Fall Pumpkin Chili Recipe
Ingredients
- Olive Oil: 2 tablespoons
- Yellow Onion: 1 large, chopped
- Red Bell Pepper: 1 large, chopped
- Garlic: 4 cloves, minced
- Ground Turkey: 2 pounds (93/7 lean)
- Chili Powder: 1/4 cup
- Ground Cumin: 2 tablespoons
- Smoked Paprika: 1 tablespoon
- Dried Oregano: 2 teaspoons
- Ground Cinnamon: 1/2 teaspoon
- Ground Nutmeg: 1/4 teaspoon
- Cayenne Pepper: 1/4 to 1/2 teaspoon (or to taste)
- Salt: 1 ½ teaspoons (or to taste)
- Black Pepper: 1 teaspoon, freshly ground
- Canned Pumpkin Purée: 1 (15-ounce) can (ensure it’s 100% pure pumpkin, not pie filling)
- Fire-Roasted Diced Tomatoes: 1 (28-ounce) can, undrained
- Tomato Sauce: 1 (15-ounce) can
- Low-Sodium Chicken Broth: 2 cups
- Dark Red Kidney Beans: 1 (15-ounce) can, rinsed and drained
- Black Beans: 1 (15-ounce) can, rinsed and drained
- Optional for Garnish: Sour cream, shredded cheddar cheese, chopped cilantro, sliced jalapeños, roasted pumpkin seeds.
Instructions
- Sauté the Aromatics: Heat the olive oil in a large Dutch oven or heavy-bottomed pot over medium-high heat. Add the chopped onion and red bell pepper. Sauté for 5-7 minutes, stirring occasionally, until the vegetables have softened and the onion is translucent. This step builds the sweet, aromatic foundation of your chili. Add the minced garlic and cook for another minute until fragrant, being careful not to let it burn.
- Brown the Turkey: Add the ground turkey to the pot. Use a wooden spoon or spatula to break the meat into smaller crumbles. Cook for 8-10 minutes, stirring occasionally, until the turkey is fully cooked through and no longer pink.
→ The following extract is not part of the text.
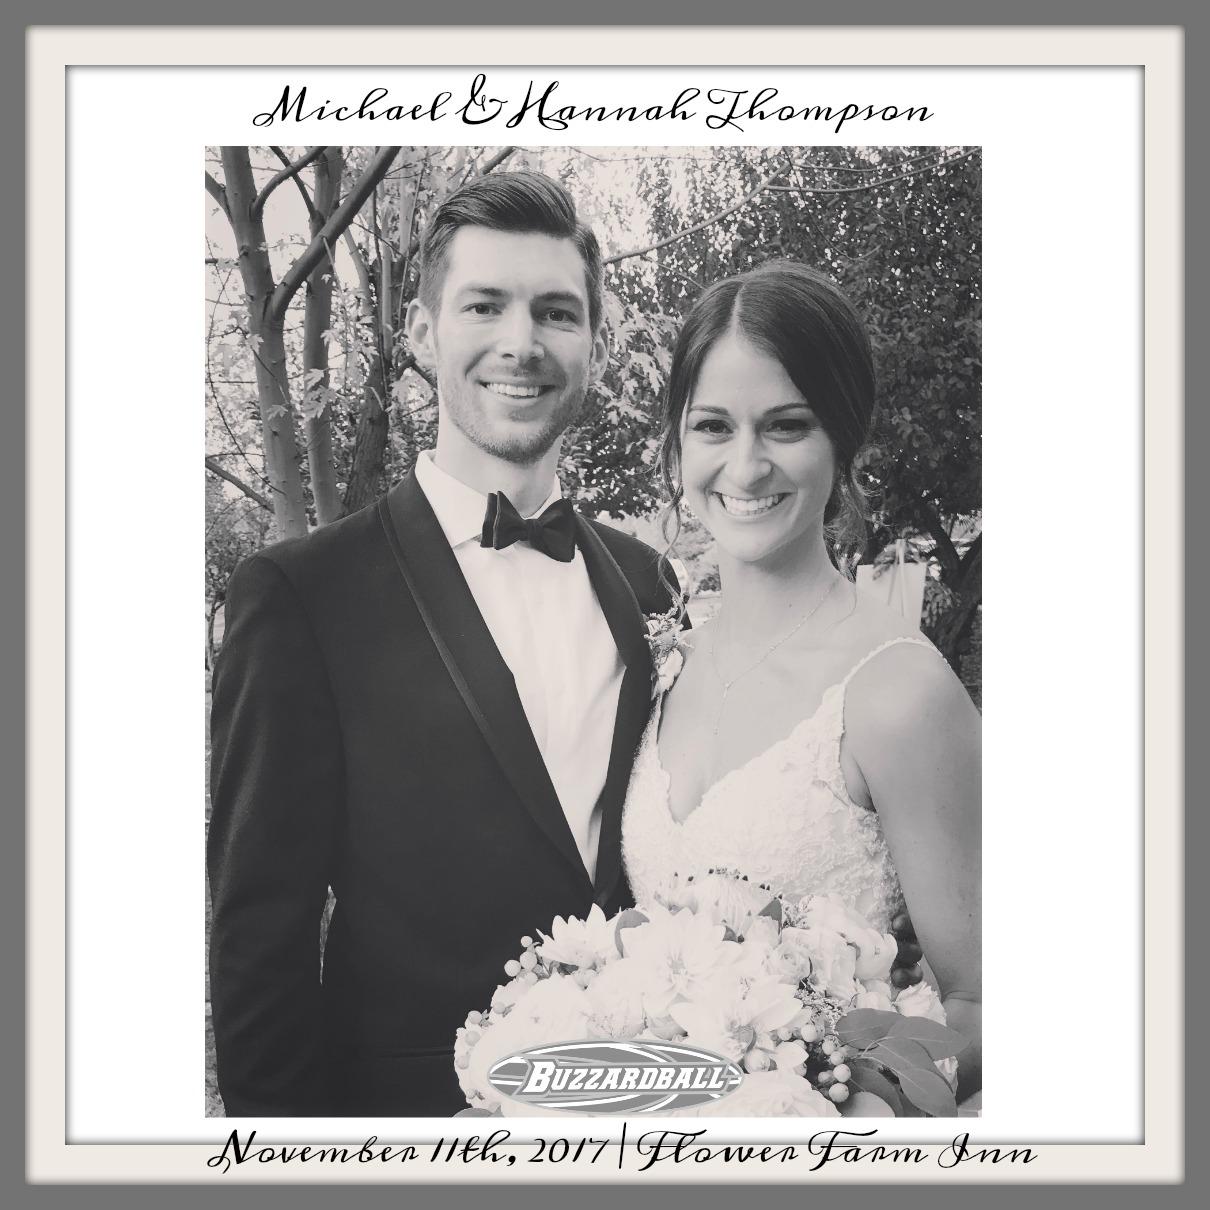 2017 11 11 Michael and Hannah Thompson.jpg

If there is an excess amount of fat or liquid, carefully drain it from the pot.
- Bloom the Spices: Return the pot to the heat and add all the spices directly to the meat and vegetable mixture: chili powder, cumin, smoked paprika, oregano, cinnamon, nutmeg, cayenne, salt, and black pepper. Stir constantly for about 60-90 seconds. This step, known as “blooming,” toasts the spices in the heat and fat, which awakens their essential oils and dramatically deepens their flavor. Your kitchen will smell incredible!
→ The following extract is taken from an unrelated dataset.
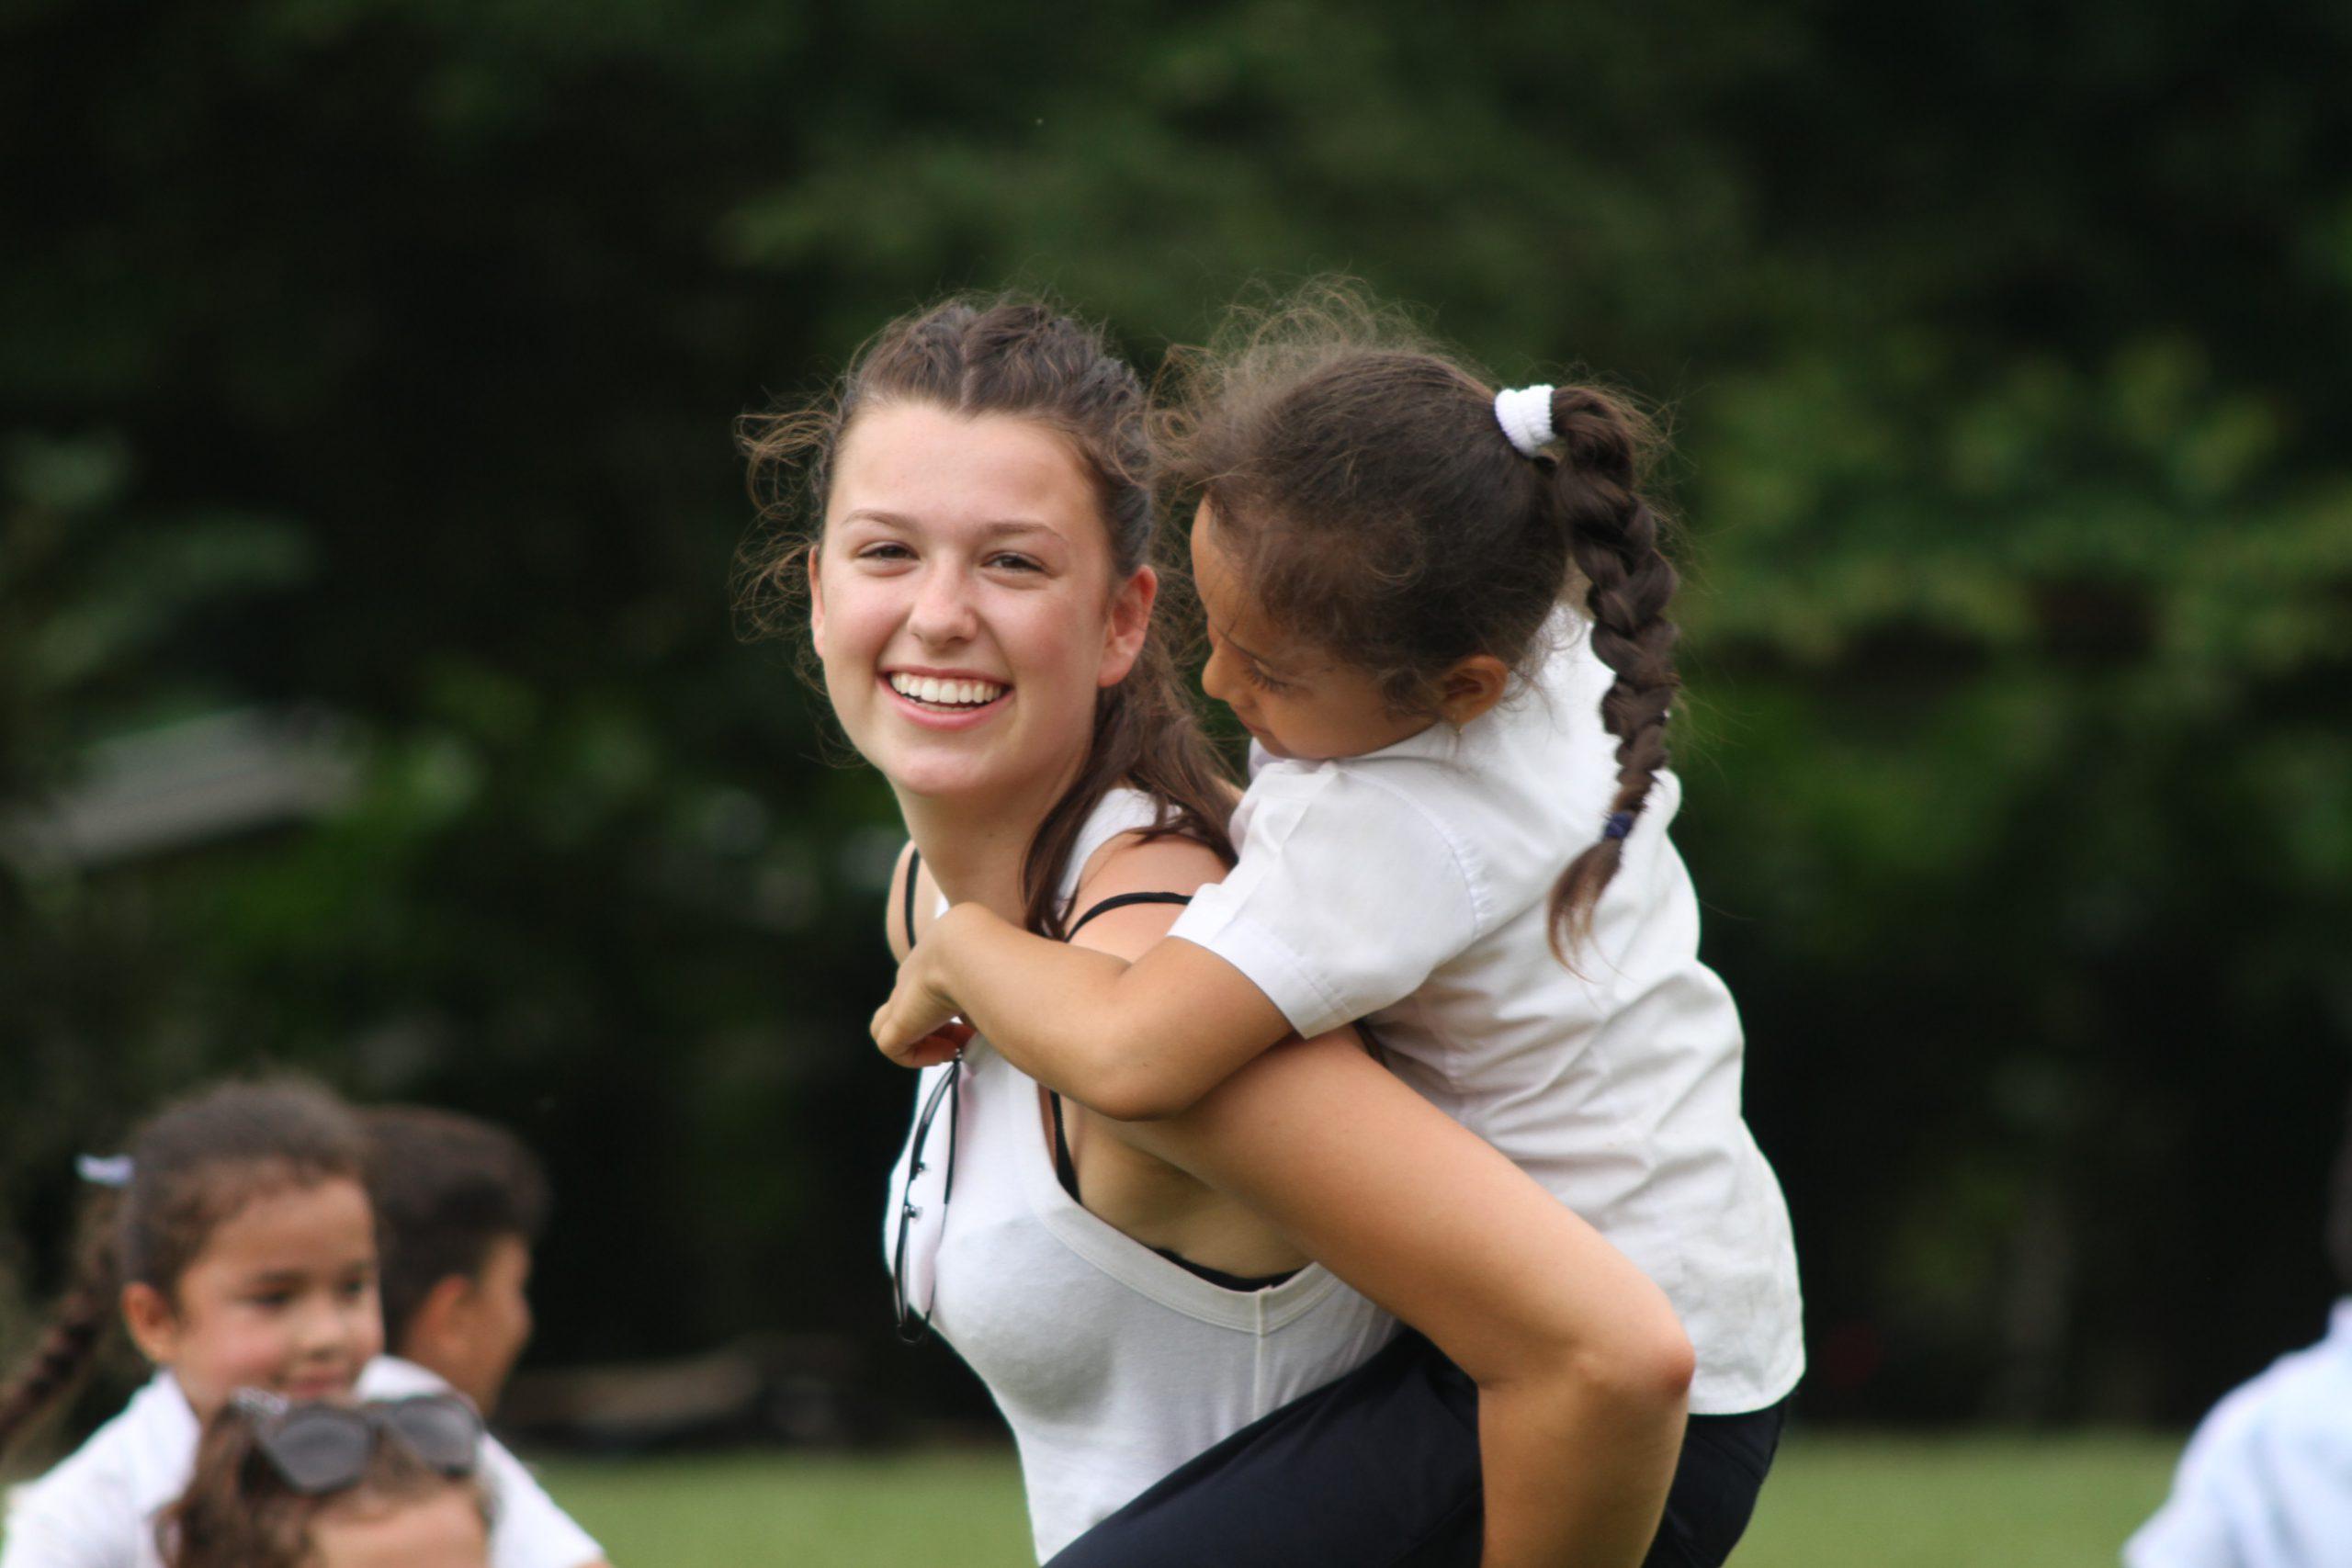 school_expedition_costa_rica_scuba_piggyback_students

- Add the Liquids and Pumpkin: Pour in the chicken broth, using it to deglaze the pot by scraping up any browned bits stuck to the bottom—this is pure flavor! Stir in the can of pumpkin purée until it is fully incorporated into the mixture. Then, add the undrained fire-roasted diced tomatoes and the tomato sauce. Stir everything together until well combined.
- Simmer to Perfection: Bring the mixture to a gentle boil, then reduce the heat to low. Cover the pot and let the chili simmer for at least 1 hour, stirring every 15-20 minutes to prevent sticking. For the best, most developed flavor, simmer for 1.5 to 2 hours. The longer it simmers, the more the flavors will meld and the richer the chili will become.
- Add the Beans: During the last 15 minutes of simmering, stir in the rinsed and drained kidney beans and black beans. This warms them through without turning them to mush, preserving their texture.
- Taste and Adjust: After simmering, give the chili a final stir and taste it. Adjust the seasonings as needed. You may want to add more salt to brighten the flavors or more cayenne for an extra kick of heat.